In 1976, my old friend Tom marked the end of his stint in the Peace Corps by joining a couple of fellow volunteers on a bike ride from the west coast of Mexico to Guatemala City, in south-central Guatemala.
A 2,000-mile ride is noteworthy on any kind of bike, but the really remarkable thing about this one is that Tom managed it on his 1974 Peugeot PX-10, still equipped with its original gearing: A 52-45 double chainring setup combined with a 14-15-17-19-21 freewheel. (He did, however, swap the original tubular rims for clinchers.)
How does a person climb mountain ranges on a loaded bike with a 55-inch low gear? The answer, Tom recalls, is with a lot of very hard low-cadence mashing and a little bit of trickery. On one murderously steep mountain road between Saltillo and Monterrey--a stretch known to locals as La Cuesta de Los Muertos, in tribute to the truck drivers who died while crossing it in winter--they got help from an unexpected source.
While grinding painfully up a particularly steep grade, they were slowly passed by a heavy truck. One of the three cyclists--Tom doesn't remember who--had the inspiration of pouring on burst of power, catching up to the laboring vehicle, and grabbing onto one of the ropes that secured the tarp covering the load. Steering as best they could with one hand, awash in dust and exhaust fumes with bike just tires inches from the spinning truck wheels, they gained an unnerving but pain-free mile or two.
At that point, the grade moderated and the truck picked up speed to the point where it was just too terrifying to hold on. The truck moved on ahead as our heroes slogged along in its wake.
But yes! Some distance ahead the grade steepened again, Tom and friends caught up, and grabbed onto the side ropes until the next flat section. The same sequence repeated itself several times more until Tom--his legs by now utterly played out--just couldn't close the gap with the slow-moving truck and started falling behind.
I wasn't there, but this part of the story always reminds me of the final scene in the 1958 Stanley Kramer film The Defiant Ones: Tony Curtis and Sidney Poitier, as escaped convicts, are running to catch a freight train that they hope will carry them to freedom. Poitier's character pulls himself aboard, but the wounded and exhausted Tony Curtis can't quite grasp his outstretched hand. (The scene starts at 2:08 in this trailer from the film.)
Anyway, at this critical point, one of Tom's companions--a massively powerful rider named Jim--went one better than Sidney Poitier by dropping back, grabbing the stem of his bike, and dragging him ahead to the truck.
The descent was easier.
Fast forward to October, 2016, when a mutual friend invited a group of old pals to a weekend foliage-season bike ride at his house in New York state, just across the border from southwestern Vermont. I had just built up a PX-10 of my own from my stash of old parts and a recently-acquired frame, so I proposed to Tom that he and I form a team: If he'd drag his old bike out of the woodshed, I told him, I'd clean it up and knock the gearing down to a reasonable range for an older gentleman.

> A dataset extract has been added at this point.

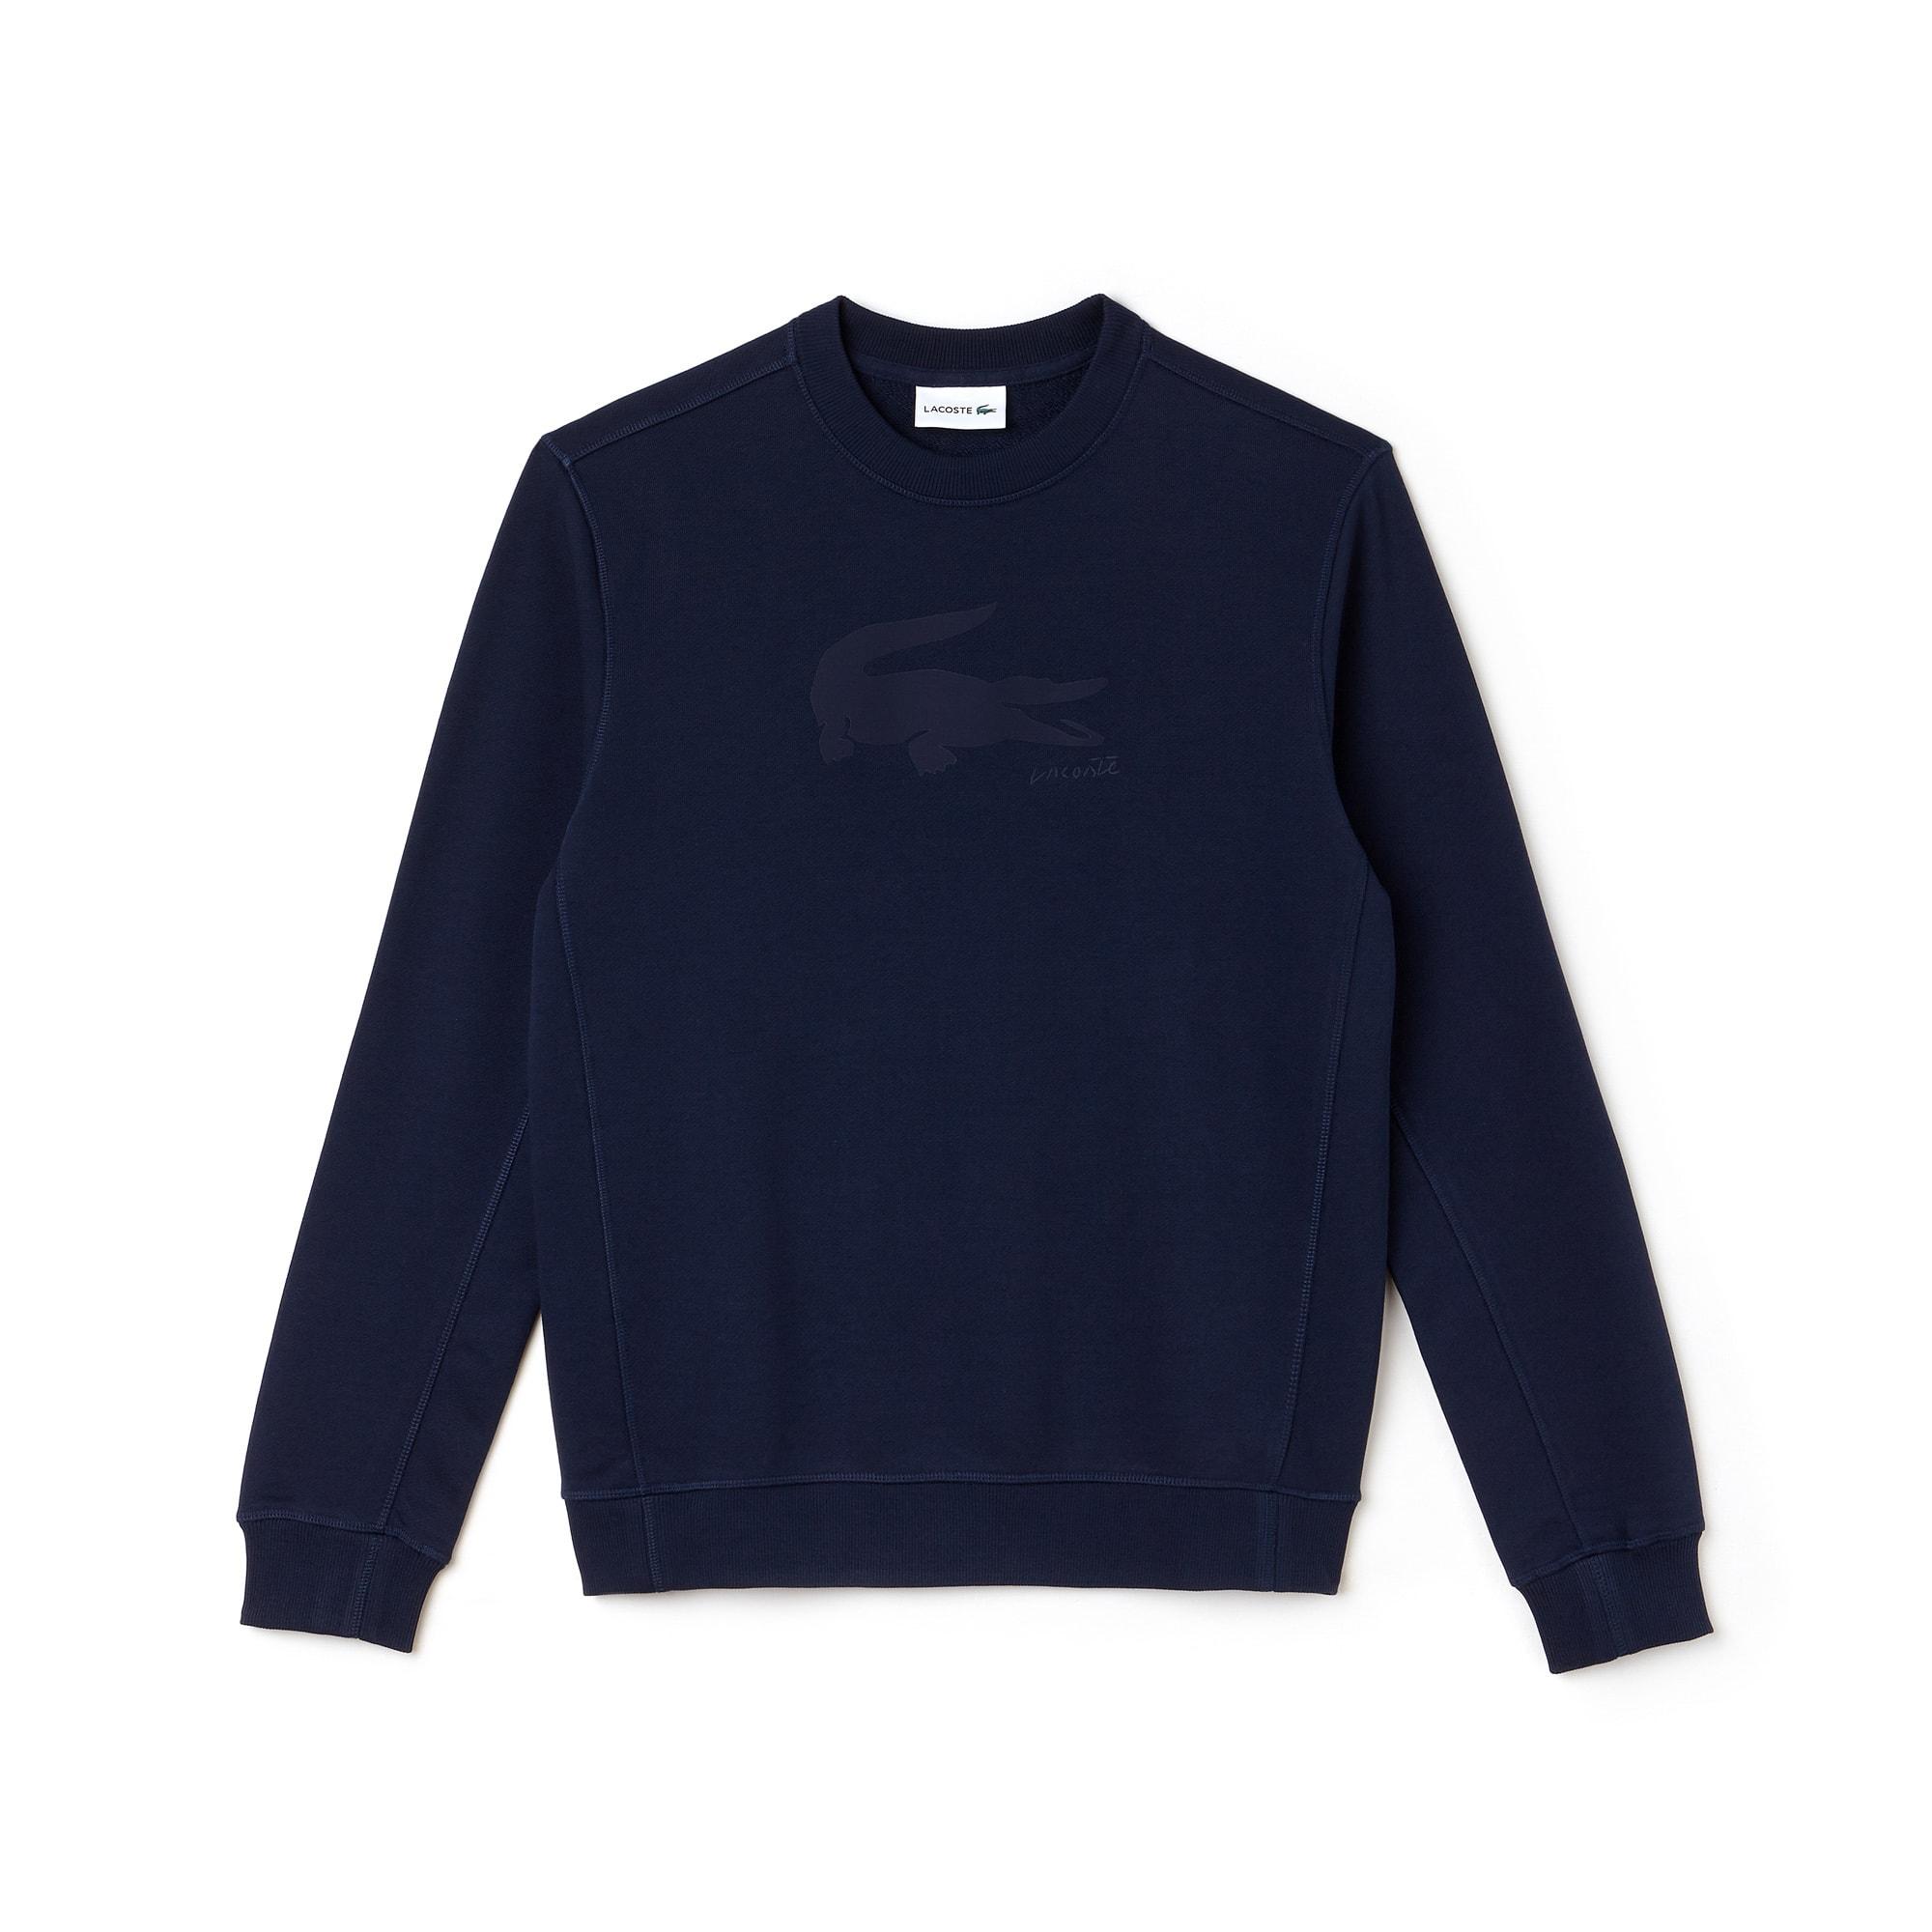 Men's Crew Neck Crocodile Print Fleece Sweatshirt

The old veteran of La Cuesta was looking a little rough. A fair amount of rust was showing through the paint. The original Simplex derailleur hanger had been hacked off the frame a decade earlier, courtesy of a mechanic at a local bike shop who crudely lowered the gearing by bolting on a cheap mountain-bike derailleur and Shimano Megarange freewheel.
But with some grease, new cables, and replacement parts-bin derailleurs (a Huret Duopar in back and a nameless Huret front--not exactly original spec, but at least French-made), it started looking better. A longer spindle, a 42-tooth triplizer with a 32-tooth granny ring on the old Stronglight 93 crank, a 14-34 Suntour Narrow 6 freewheel, and voila! A PX-10 built for hill climbing, no truck required!